Suddenly my attention, my line-of-sight, shifted to the interior wall of the cabin, the knotty pine paneling.

I focused on a single pine knot.

Suddenly the grain of the wood was magnified, such that I clearly saw the individual crevices of the grain, the play of light and shadow in minute relief.  It looked as if the wood were breathing, pulsing.  Dumbfounded, I stopped reciting, shook my head, and looked again.

The pine paneling was polka-dotted with knots.  Now I couldn’t tell which one I’d been looking at.  I chose another and recited again, wondering if another magnification would occur.

Like somebody flipped a switch, the pulsing started, my eyesight grew acute.

I sort of giggled, because along with enhanced vision came a pleasurable sensation of calm.

Again I recited the words, and again came a magnification of my senses, eyesight and hearing, also the pleasurable sensation of calm.
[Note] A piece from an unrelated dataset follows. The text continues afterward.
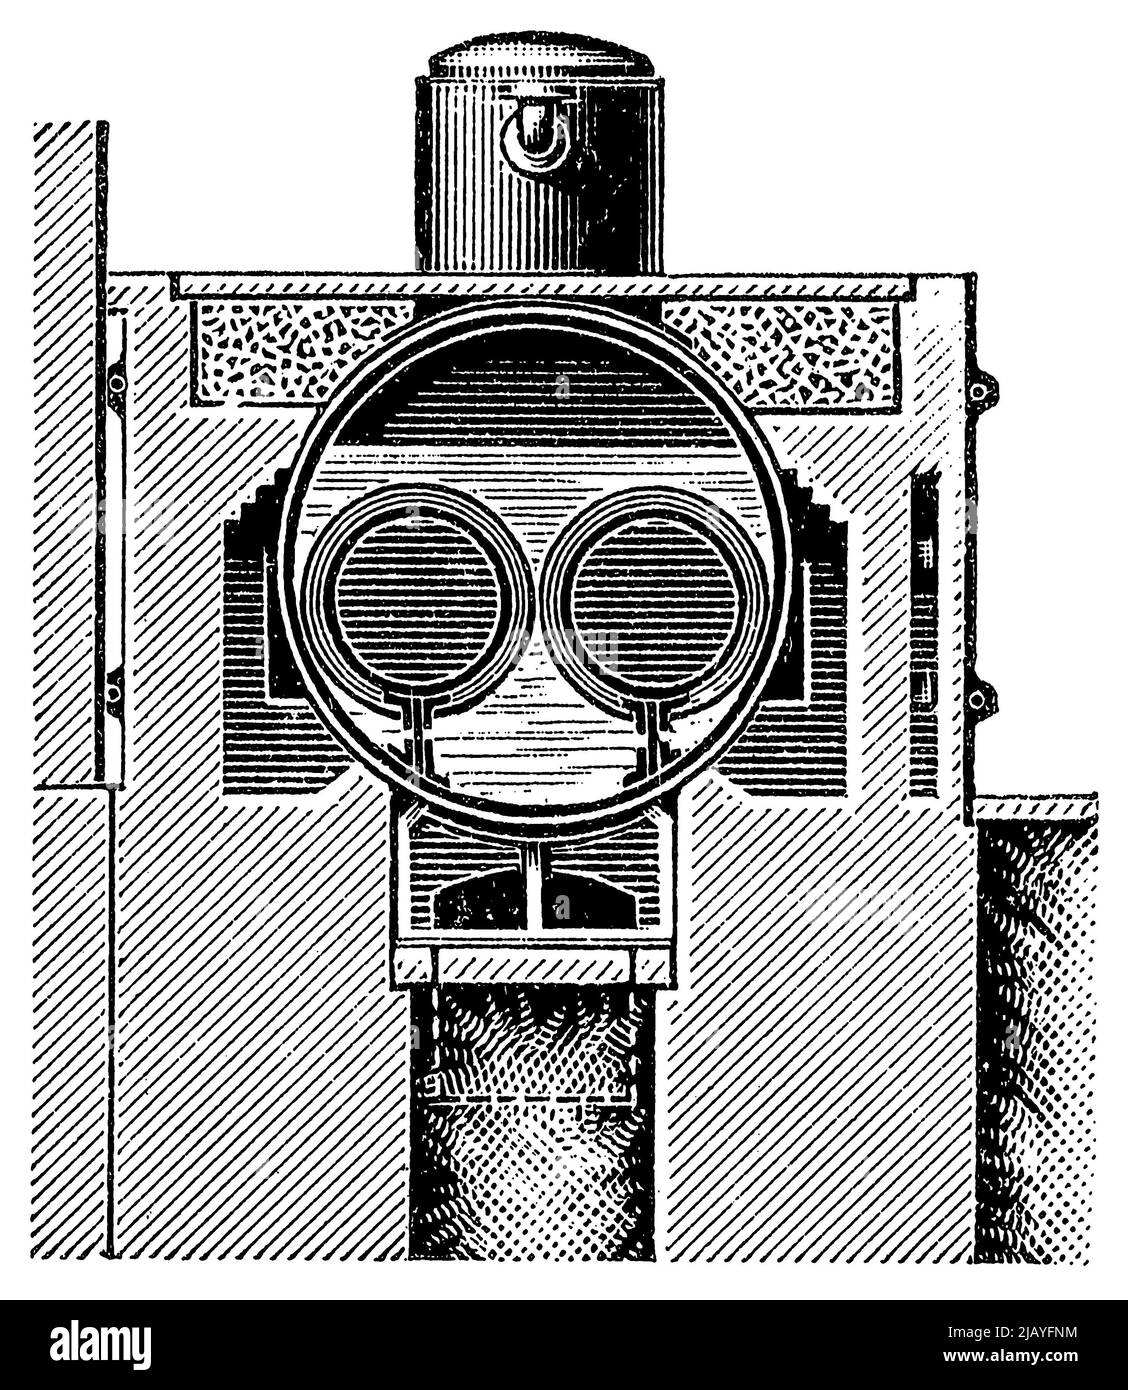 Caldera de dos gases, vista en sección. Publicación del libro 'Meyers Konversations-Lexikon', Volumen 2, Leipzig, Alemania, 1910 Foto de stock

I could not let it happen without trying to understand.  Reasoning with the experience brought it to an end.

I wondered if the rhythm of the words, the phonetics of the language, had brought it on.  It felt good to repeat the prayer, the calming effect occurred consistently.  I did not attach sentiments of Christian faith to the words.  The cause and effect seemed to be purely mechanical.

Around town in public, I found myself repeating the prayer silently.  Nobody could tell.  I could do it all I wanted.

And in the woods, in the late afternoons, after writing, when I would take off alone and wander, the enhancement of eyesight and hearing gave me a leg a up among the other animals.  Another strange thing was how my sense of direction improved.  In the woods in the mountains sometimes it was easy to get turned around.  But I did not get lost anymore when I repeated the words, and went the way instinct told me to go.

The sensation of calm certainty, when coming to a fork-in-the-road, and you decide.  The way to go is the truth of the compass inside you.